Role of Selenium in Dopamine Transmission and Modulation by Methamphetamine.

Abstract

Selenium (Se) is an antioxidant trace element that is important for normal brain function. Se is incorporated into selenoproteins, a family of proteins with multiple functions that include protection from oxidative stress. Methamphetamine (METH) increases dopamine (DA) signaling by causing efflux of DA out of nerve terminals, resulting in increased oxidative stress from oxidized DA, and eventual degeneration of dopaminergic terminals. Se protects against METH-induced neurotoxicity while Se deficiency potentiates toxicity. Se may also be involved in DA transmision as Se deficiency increases DA turnover in rodents.

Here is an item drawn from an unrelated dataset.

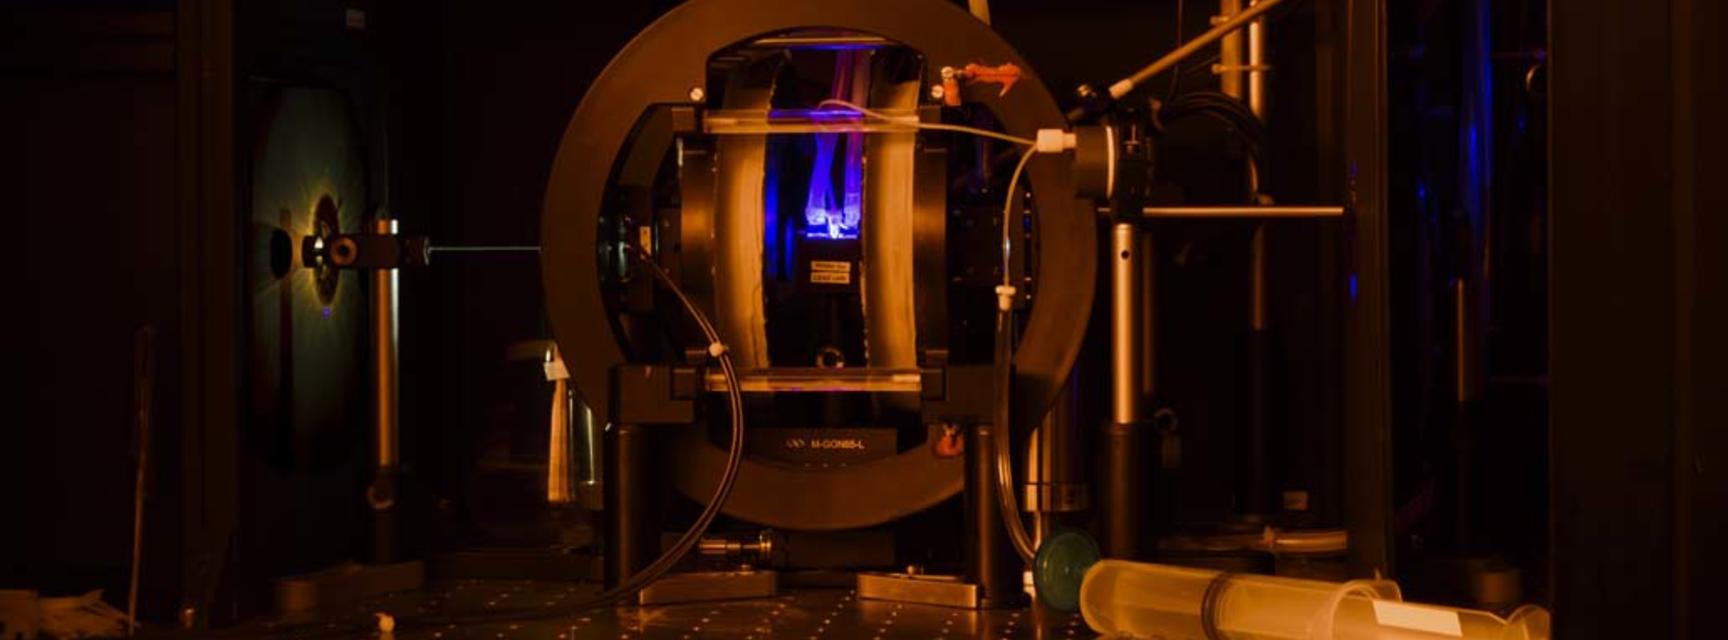 Photo of Broadband Cavity Enhanced Absorption Spectroscopy

We explored the possibility that Se may affect the physiological response to METH by using fast-scan cyclic voltammetry (FSCV) to record DA release and uptake kinetics in mouse brain slices. Action potential-dependent phasic DA release was simulated in the present study by electrically evoking release in brain slices. METH was applied to brain slices and phasic release recorded, as well as DA efflux, which was monitored in the absence of stimulation. Dietary Se restriction lasting 2 weeks reduced METH-induced DA efflux. Inhibition of the selenoprotein glutathione peroxidase (GPx) also reduced DA efflux through mechanisms involving ATP-sensitive K+ channels (KATP channels) and cannabinoid receptor 1 (CB1R). Chronic Se-deficient mice had reduced basal DA uptake rates, but no change in basal release. In response to METH chronic Se deficiency caused reduced DA efflux compared to Se-sufficient mice. METH also caused and increase in phasic DA release in chronic Se-deficient mice that can be attributed to increased DA vesicular release. Selenoprotein P (Sepp1)-KO mice had reduced baseline phasic DA release and uptake rates. In response to METH, phasic release was significantly potentiated due to increased DA vesicular release. METH-induced vesicular DA release in wild-type mice was found to be masked by D2R auto-inhibition, which may be dysfunctional in Sepp1-KO mice. METH-induced vesicular DA release was prevented in Sepp1-KO mice by purified Sepp1 protein acting on ApoER2 to promote D2R function. These results indicate that Se is directly involved in DA neurotransmission and modulates the DA response to METH. Furthermore, specific selenproteins play differential roles in regulating DA physiology.